Work request: Give the data again in its entirety, exactly as provided.

Dataset excerpt:

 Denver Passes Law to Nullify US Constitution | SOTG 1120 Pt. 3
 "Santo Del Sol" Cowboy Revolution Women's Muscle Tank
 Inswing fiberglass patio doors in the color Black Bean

Expected answer:
 Denver Passes Law to Nullify US Constitution | SOTG 1120 Pt. 3
 "Santo Del Sol" Cowboy Revolution Women's Muscle Tank
 Inswing fiberglass patio doors in the color Black Bean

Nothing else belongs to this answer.